Although the foundation models may use weight initialization methods tailored (modify or adapt Xavier and He initialization) to their specific architecture, understanding initializations like Xavier (Glorot) and He is important when designing or debugging such models. For instance, BERT uses a truncated normal (Gaussian) initialization with a small standard deviation.
- Activation functions: Choosing the right activation function is crucial for the effective and stable training of foundation models. ReLU is the most widely used activation function due to its simplicity and computational efficiency. However, it may lead to the “dying neuron” problem when the gradient becomes zero and the learning process is stopped.
To address this, some other activation functions are used in foundation models:- GELU (Gaussian error linear units) provides smoother activation and better empirical performance by approximating the input with a Gaussian distribution. It has been used in models like BERT and GPT.
- Swish, proposed by Google researchers, is a self-gated activation function that performs better than ReLU in very deep neural networks. It is designed to smoothly interpolate between a linear function and the ReLU function.
- LeakyReLU is an extension of ReLU that addresses the “dying neuron” issue by allowing a small, non-zero gradient for negative values, preventing neurons from becoming inactive.
- Learning rate schedules: During the early stages of training, the model weights are randomly initialized, and optimization is sensitive to the choice of learning rate. A warmup phase is commonly used to avoid unstable loss spikes caused by large gradient updates. In this phase, the learning rate is very small and gradually increases over a few initial steps.
Wrapping up
Training instabilities in large-scale models can prevent them from learning. Monitoring gradient norms across layers helps identify root causes and evaluate the effectiveness of mitigation measures.

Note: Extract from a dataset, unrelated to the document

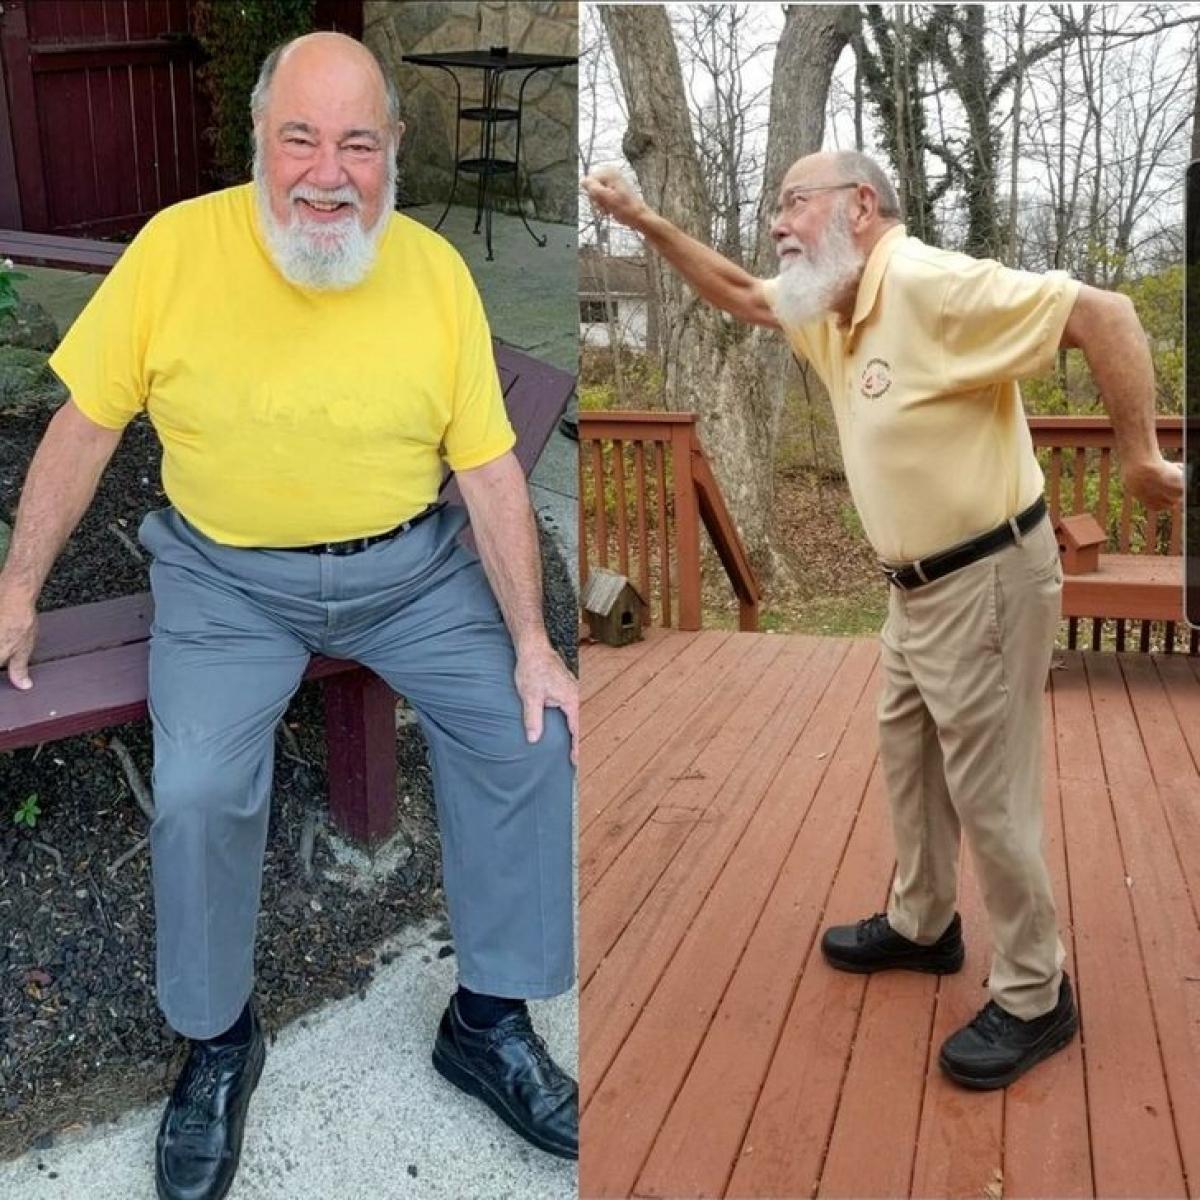 Bố tôi đã giảm cân thành công. Ông ấy đã nỗ lực rất nhiều ở độ tuổi ông ấy trong suốt 1 năm qua.

Efficiently analyzing gradients in foundation models requires an experiment tracker that can handle a high throughput of metrics data. Neptune cannot only handle millions of requests per second but also comes with efficient visualization utilities.
Gradient clipping, layer normalization, and optimizing the learning rate and weight initialization are key methods for addressing vanishing and exploding gradients. In very deep models, where vanishing gradients are the prime concern, specialized activation functions prevent neurons from becoming inactive.